Halayqa concludes that Ugaritic cannot be classified as a Canaanite language on the basis of its lexical inventory, and notes the much larger number of unshared lexemes found in the two branches.
Kogan examines the relationship between Ugaritic and several other Semitic branches, in addition to Canaanite, and reaches the opposite conclusion. Kogan (2010; 2015: 343-49) concentrates on "exclusive isoglosses" between Ugaritic and a variety of other related languages. Such "exclusive isoglosses" are lexical items which occur only in Ugaritic and one additional Semitic branch, but not in others. Kogan finds that the number of shared exclusive vocabulary items between Ugaritic and some Canaanite languages (78) is much larger than the number of unique lexical items Ugaritic shares with other languages (2010: 308). (29) On the basis of this finding, Kogan concludes that Ugaritic should be subgrouped with Canaanite.
There are several problems with Kogan's approach. First, he is reluctant to consider contact between Canaanite and Ugaritic as an explanation for the high number of exclusive isoglosses shared by these families. In fact, he treats contact as a mere excuse used by those who object to using lexical evidence to subgroup (2010: 310). When he discusses the case of the Akkadian-Ugaritic shared lexicon, however, he emphasizes language contact as the primary factor accounting for isoglosses between Akkadian and Ugaritic. Kogan even hypothesizes that speakers of Ugaritic borrowed from a pre-Old Babylonian variety of Akkadian (2010: 317). There was, of course, substantial contact between Ugaritic and Akkadian speakers during the Late Bronze Age, but speakers of Ugaritic were in much longer and more sustained contact with Canaanite speakers.
There is no obvious methodological reason for the different treatment of Akkadian and Canaanite.

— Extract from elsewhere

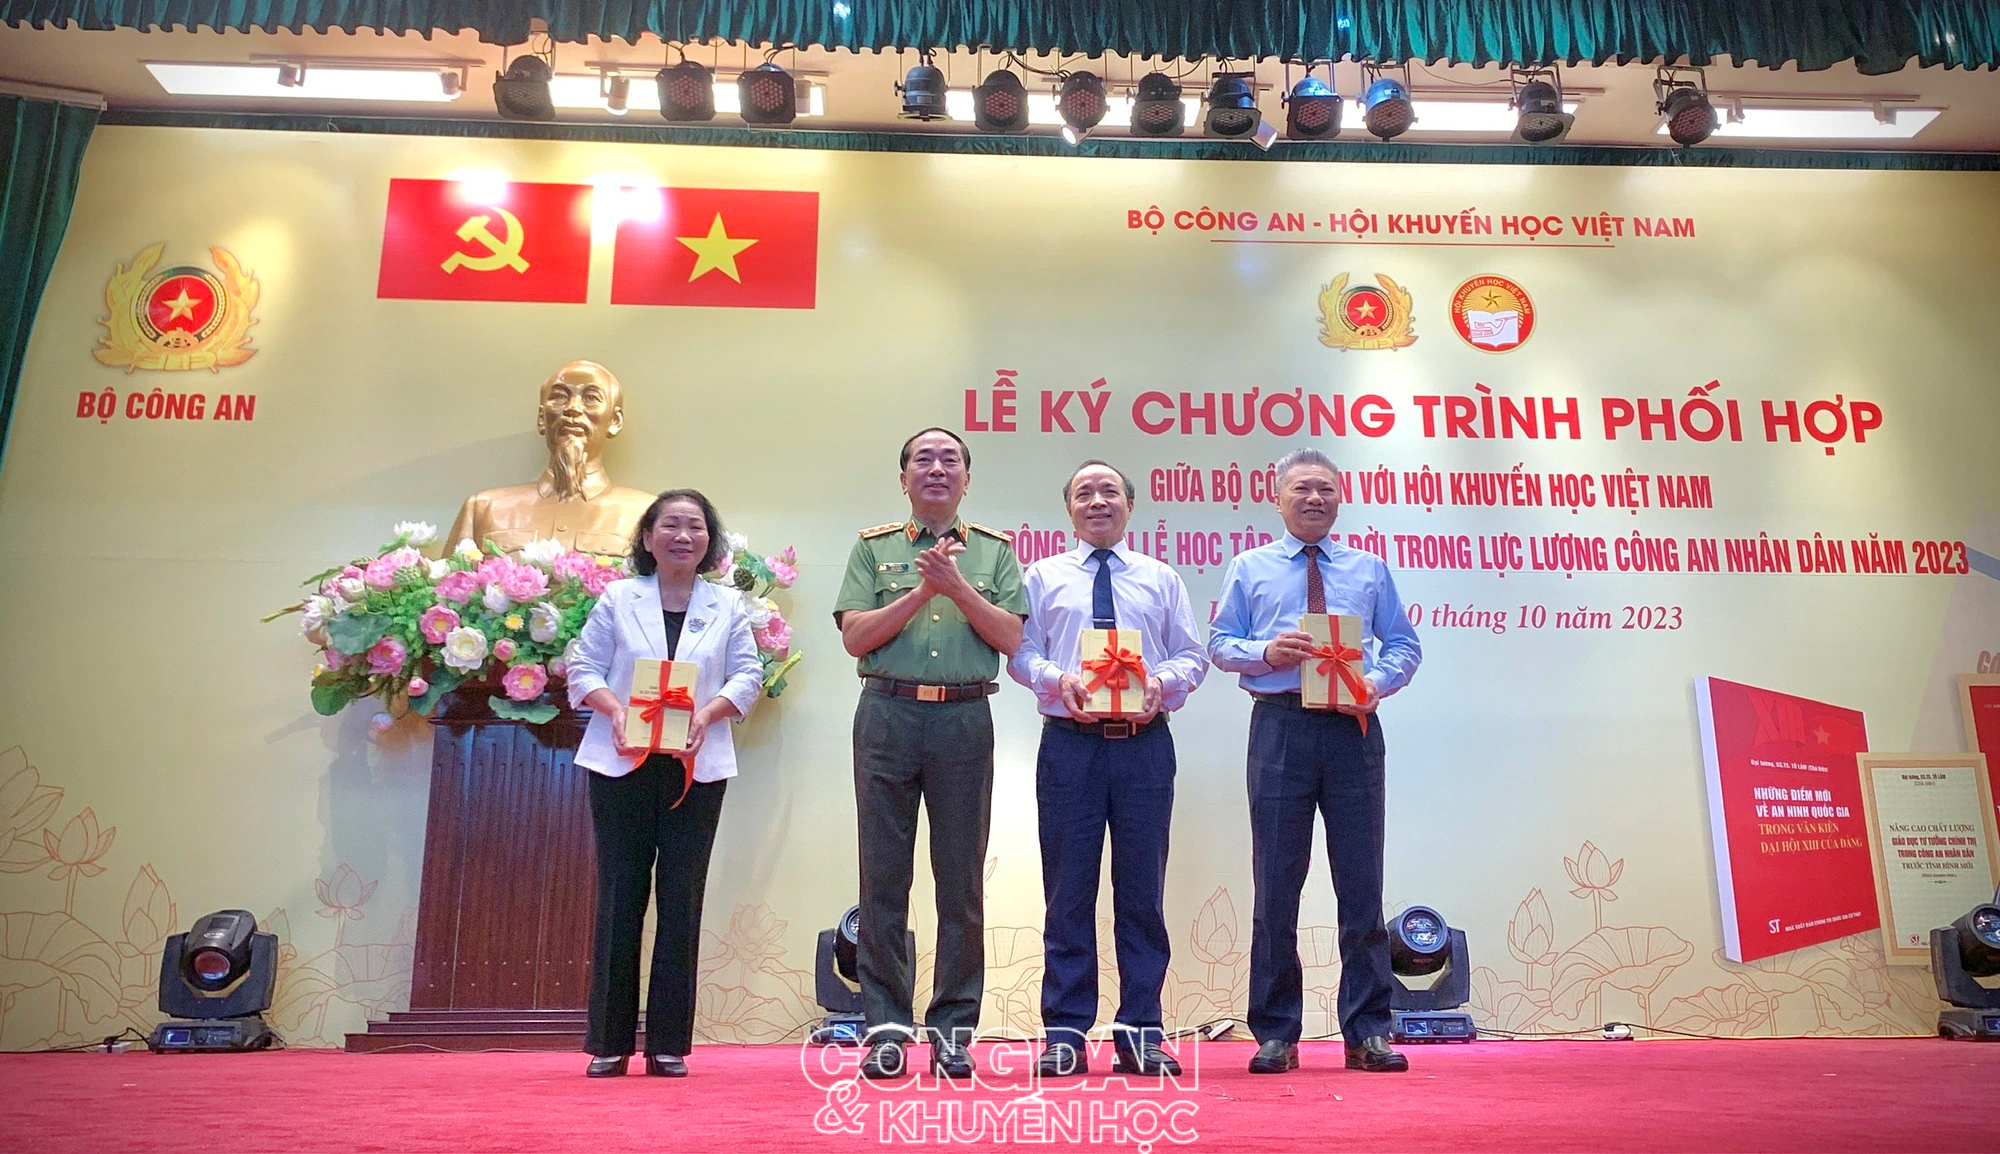 Hội Khuyến học Việt Nam và Bộ Công an phối hợp đẩy mạnh khuyến học – khuyến tài trong lực lượng công an nhân dân - Ảnh 8.

If Kogan's hypothesis is taken to its logical extreme, then we must assume that Ugaritic and Akkadian are more closely related to each other, with twenty-six shared lexemes, than Ugaritic and Aramaic, with only five lexemes. Kogan's lexical comparison is inconsistent with what the morphologies of these languages reflect, namely that Ugaritic and Aramaic are genealogically closer than Ugaritic and Akkadian. While lexical evidence should not be excluded from discussions of subgrouping, it cannot carry significant weight in evaluating genetic relationships, given the relative ease with which lexemes are borrowed.
Second, Kogan (2010) and other scholars, like del Olmo Lete (1986), Healey (1988), and Tropper (1994: 253), note that the lexical inventory of Ugaritic is shared primarily with Phoenician, not with Hebrew, even though the attested vocabulary of Hebrew is much larger than that of Phoenician (Kogan 2015: 348). Kogan suggests treating Canaanite as having two branches (or "bundles of specific lexical features"; 2010: 310; 2015: 347): a northern one and a southern one. (30) The southern branch, i.e., Hebrew, went through "de-Canaanization" probably under the influence of Aramaic (this is only implied by Kogan 2010: 311), while the northern branch, i.e., Phoenician and Ugaritic, preserved Proto-Canaanite lexical material. (31) This scenario leads Kogan to declare Ugaritic "Canaanite par excellence" (2015: 348).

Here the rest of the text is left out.